### Information shown

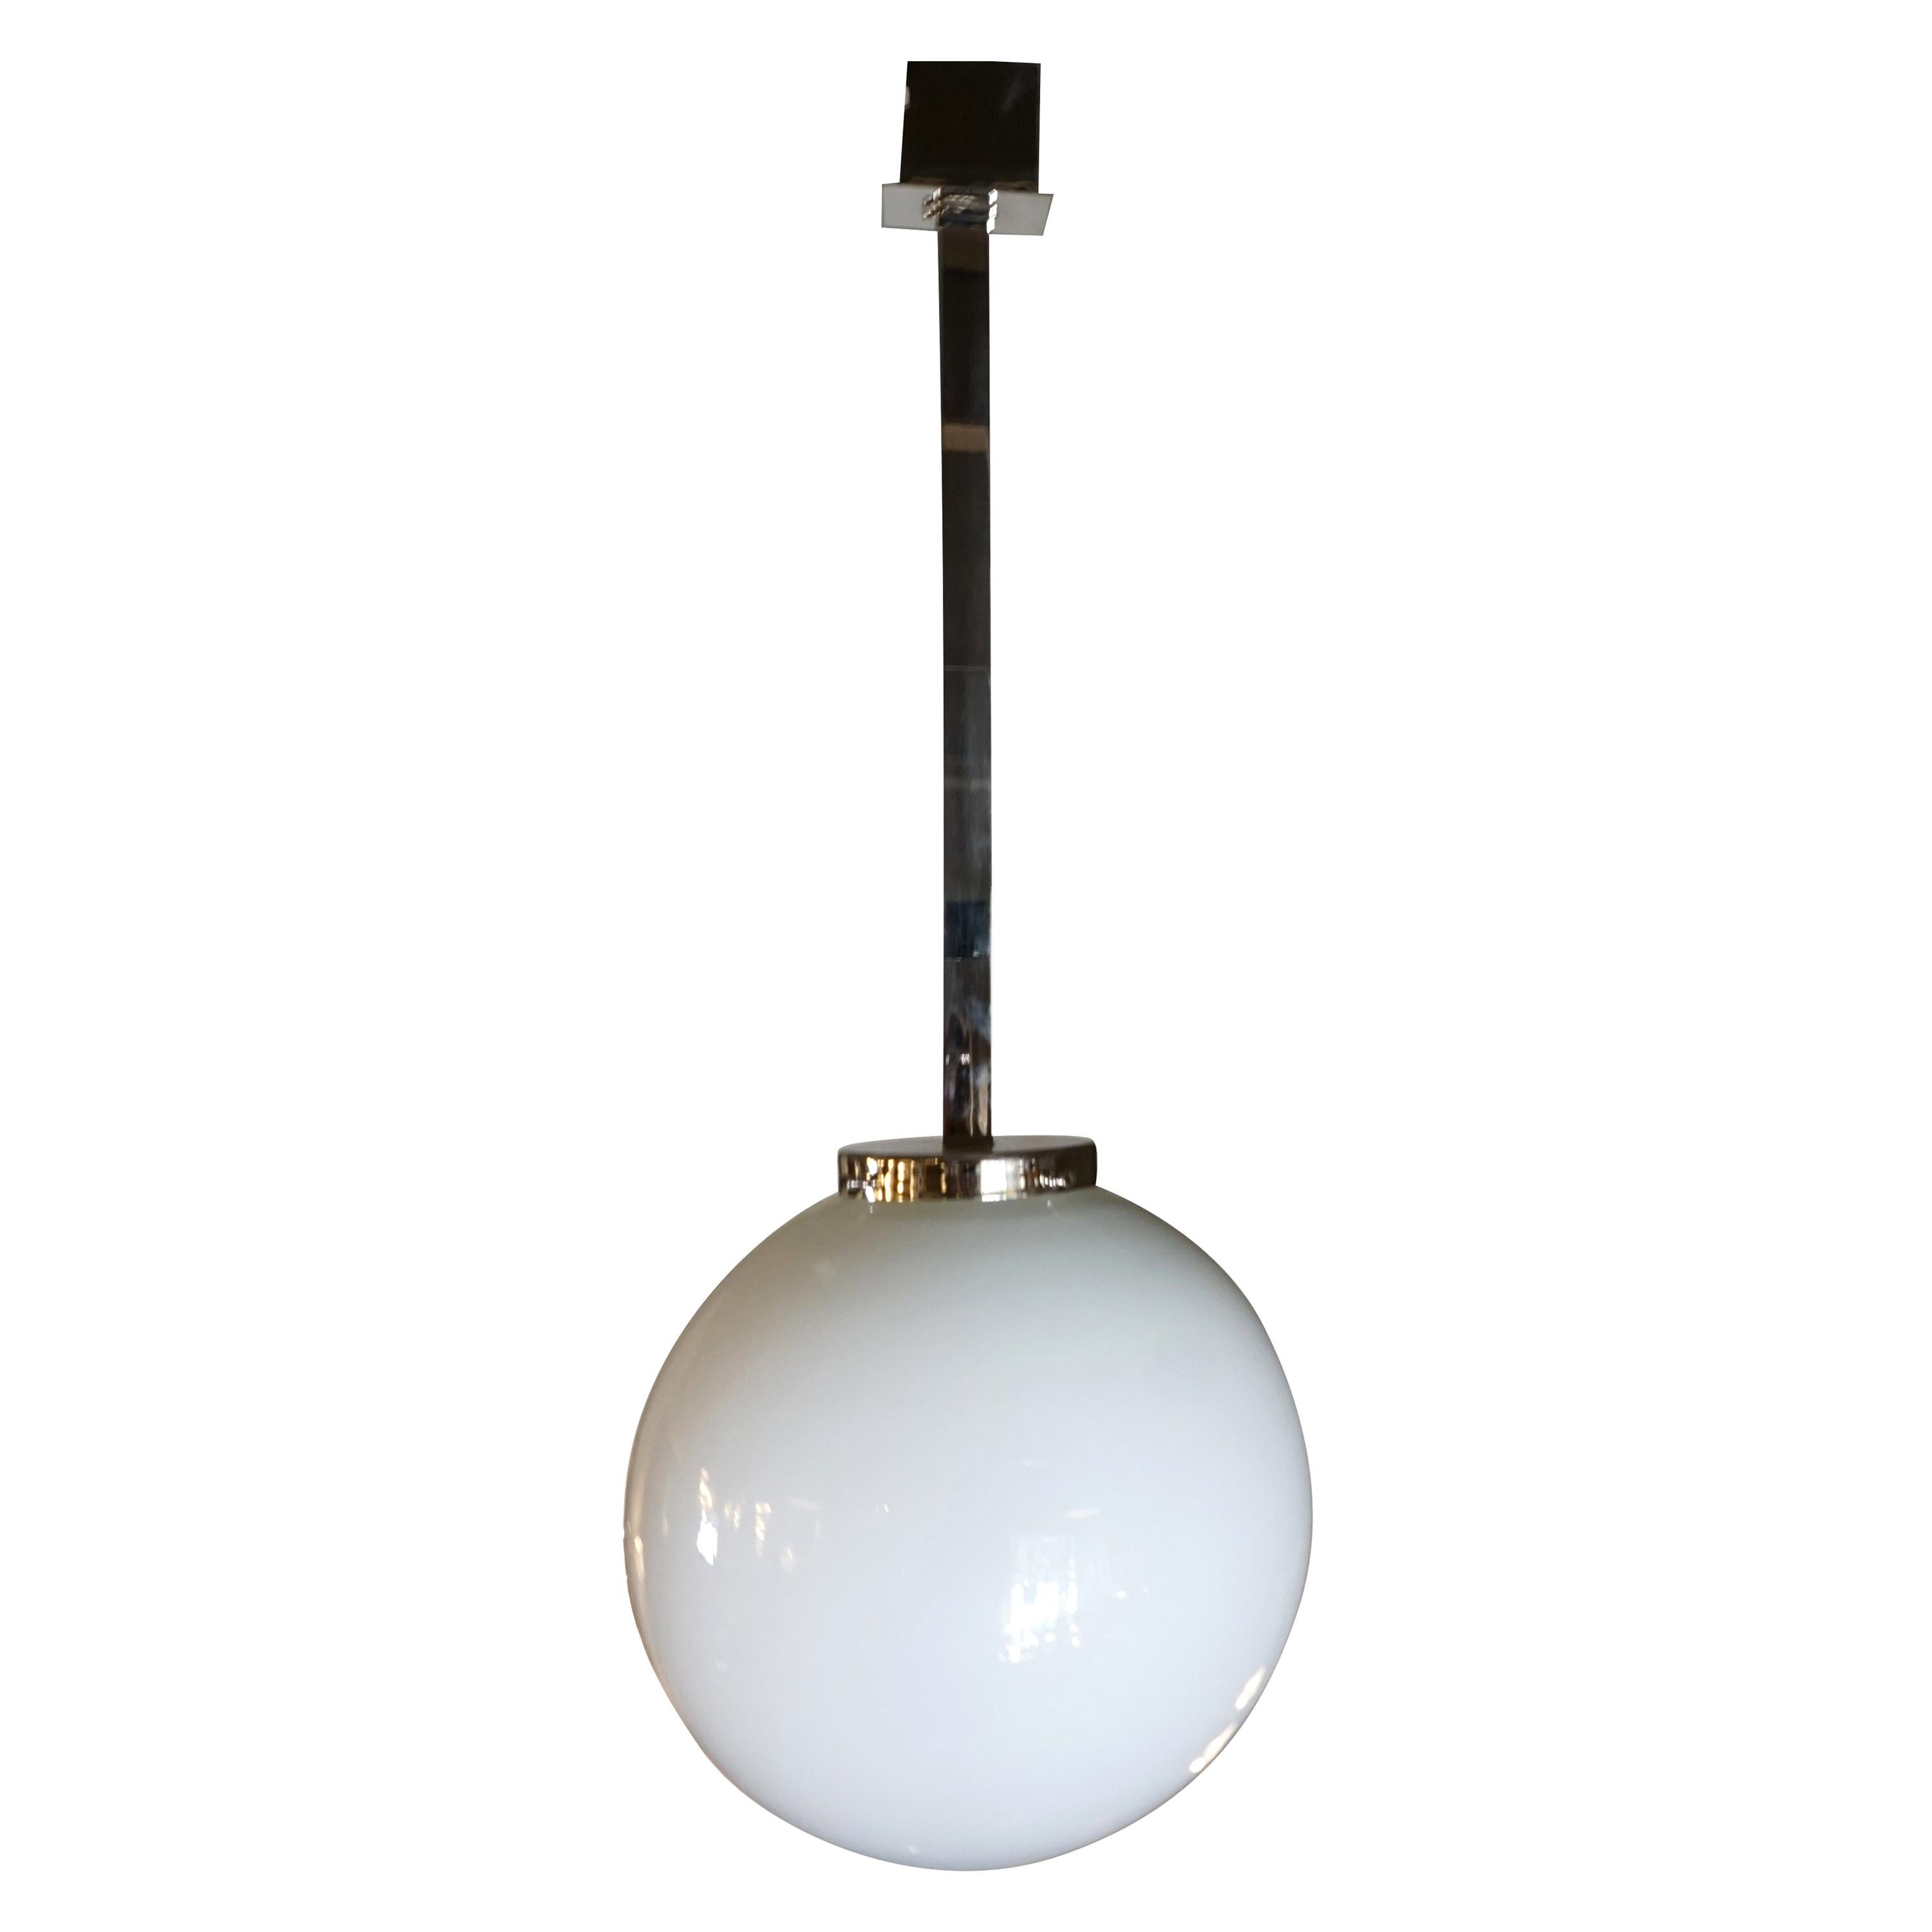 20th Century French Minimalist Glass Pendant, Round Nickel Ceiling Light Fixture
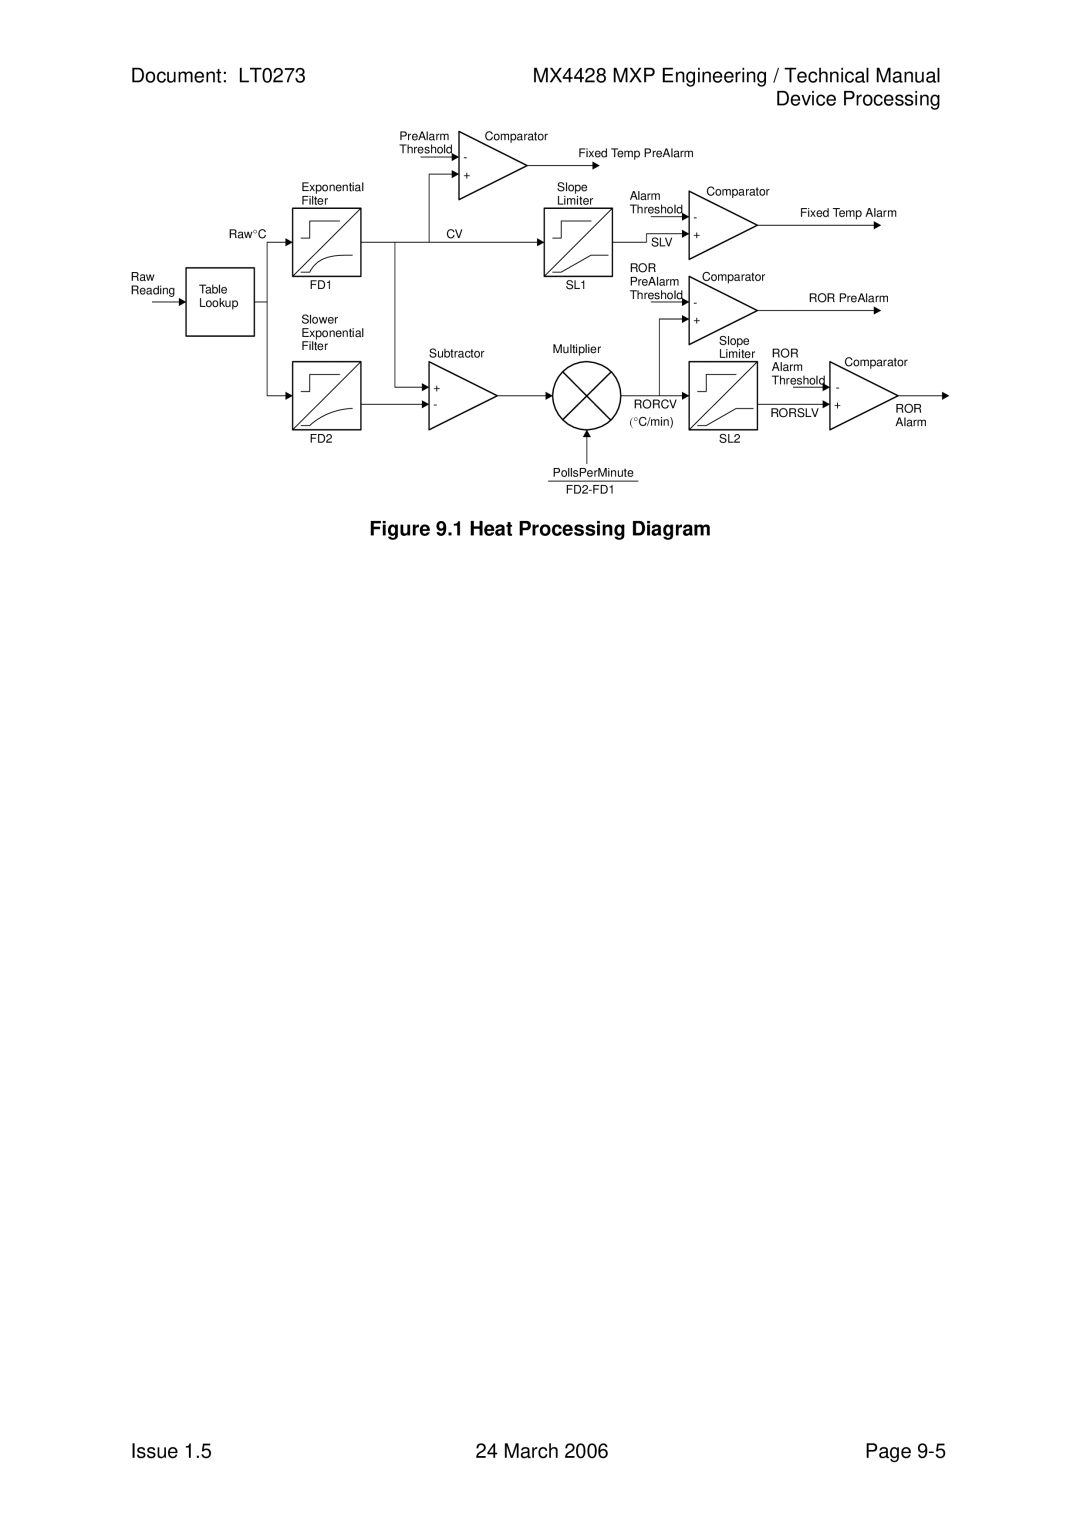 Tyco MX4428 technical manual Heat Processing Diagram 
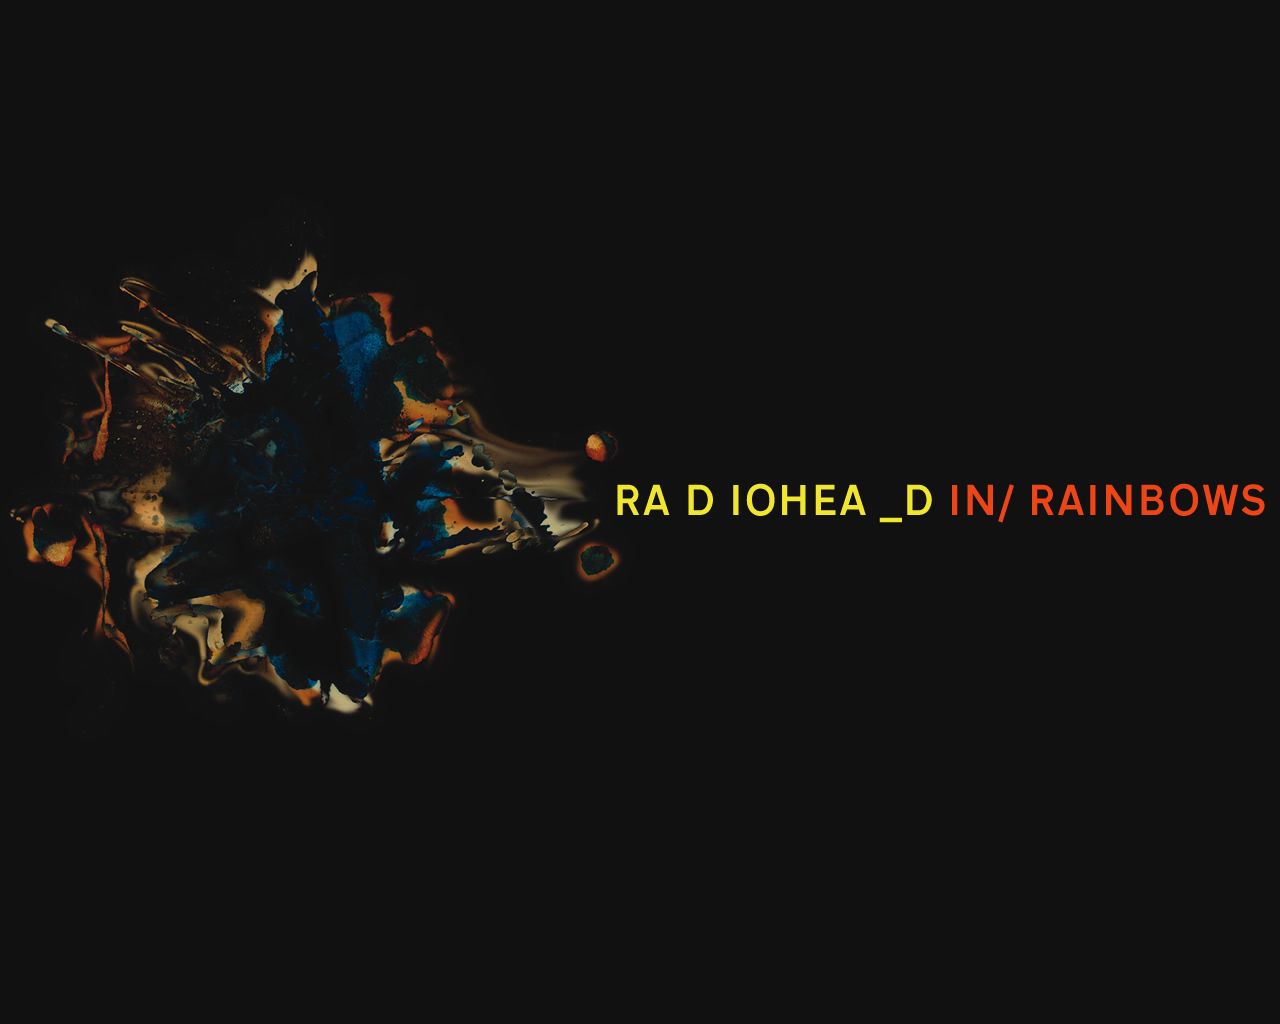 In Rainbows - Radiohead Wallpaper 27519259 - Fanpop

### Exercise requirements
Without the pictures, return the whole of the data exactly as given.

### Written reply
 20th Century French Minimalist Glass Pendant, Round Nickel Ceiling Light Fixture
 Tyco MX4428 technical manual Heat Processing Diagram 
 In Rainbows - Radiohead Wallpaper 27519259 - Fanpop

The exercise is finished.